Machine- and deep-learning-driven angular momentum inference from BHEX observations of the $n=1$ photon ring
Joseph R. Farah, Jordy Davelaar, Daniel Palumbo, Michael D. Johnson,, Jonathan Delgado

TL;DR
This paper develops a machine learning framework to infer black hole properties from high-resolution BHEX photon ring images, utilizing a large simulated dataset and novel feature extraction methods, achieving over 90% accuracy.
Contribution
It introduces a new optimized feature extraction method and a minimal set of geometric measures for analyzing the $n=1$ photon ring, enabling effective machine learning-based black hole parameter recovery.
Findings
Achieved over 90% correct spin and inclination recovery.
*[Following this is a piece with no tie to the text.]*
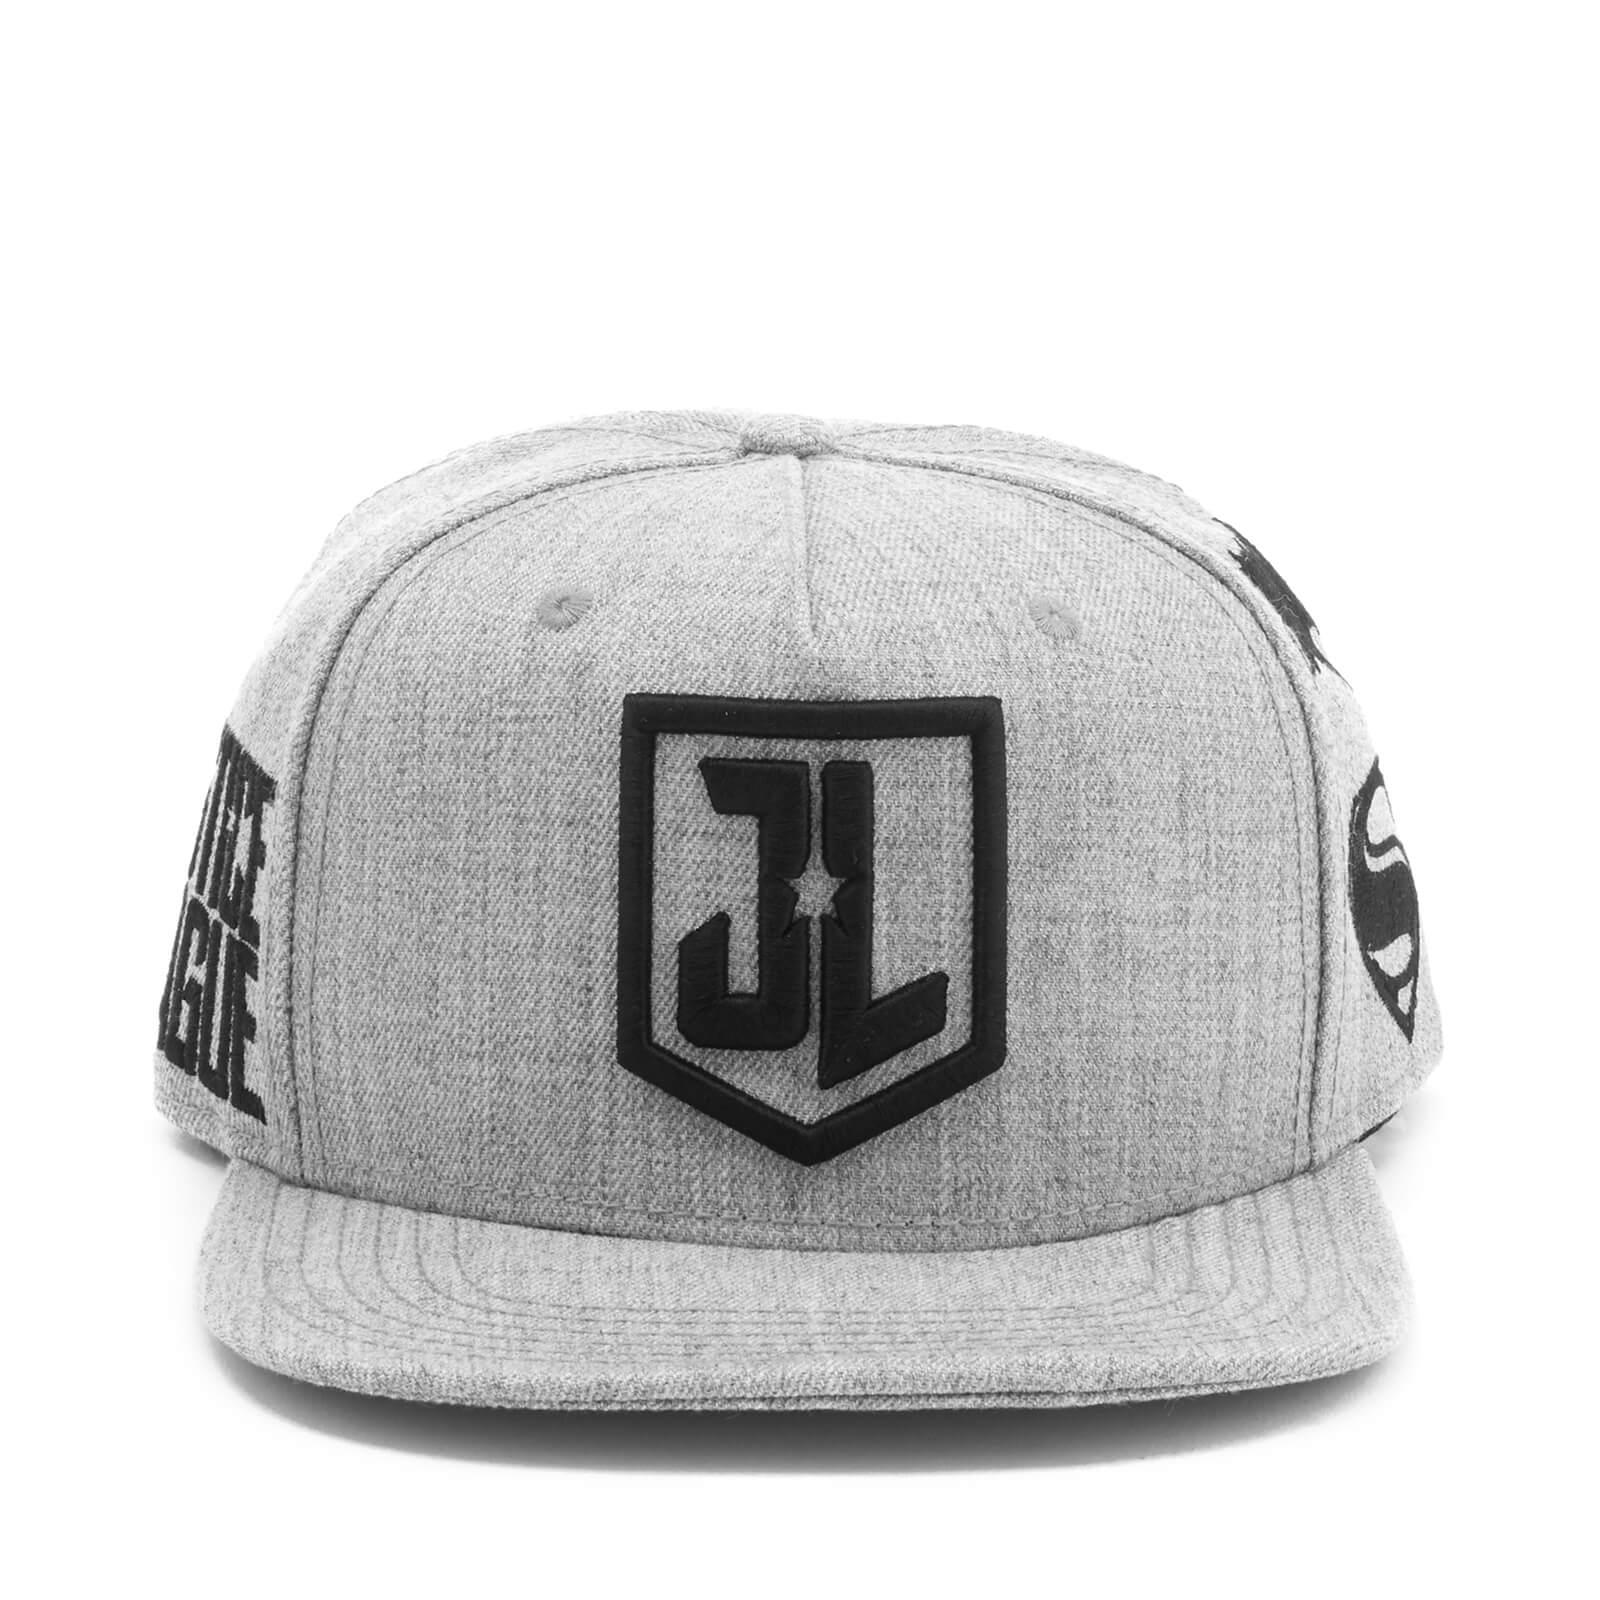 d90151b5abda7 DC Comics Justice League Men s Embroidery Logo Cap - Grey Merchandise

Developed a feature extraction method outperforming existing techniques by 3000 times.
Validated methods on GRMHD simulations of black hole accretion flows.
Abstract
The photon ring is an important probe of black hole (BH) properties and will be resolved by the Black Hole Explorer (BHEX) for the first time. However, extraction of black hole parameters from observations of the subring is not trivial. Developing this capability can be achieved by building a sample of subring simulations, as well as by performing feature extraction on this high-volume sample to track changes in the geometry, which presents significant computational challenges. Here, we present a framework for the study of photon ring behavior and BH property measurement from BHEX images. We use KerrBAM to generate a grid of images of photon rings spanning the entire space of Kerr BH spins and inclinations. Intensity profiles are extracted from images using a novel feature extraction method developed specifically for BHEX. This novel method is…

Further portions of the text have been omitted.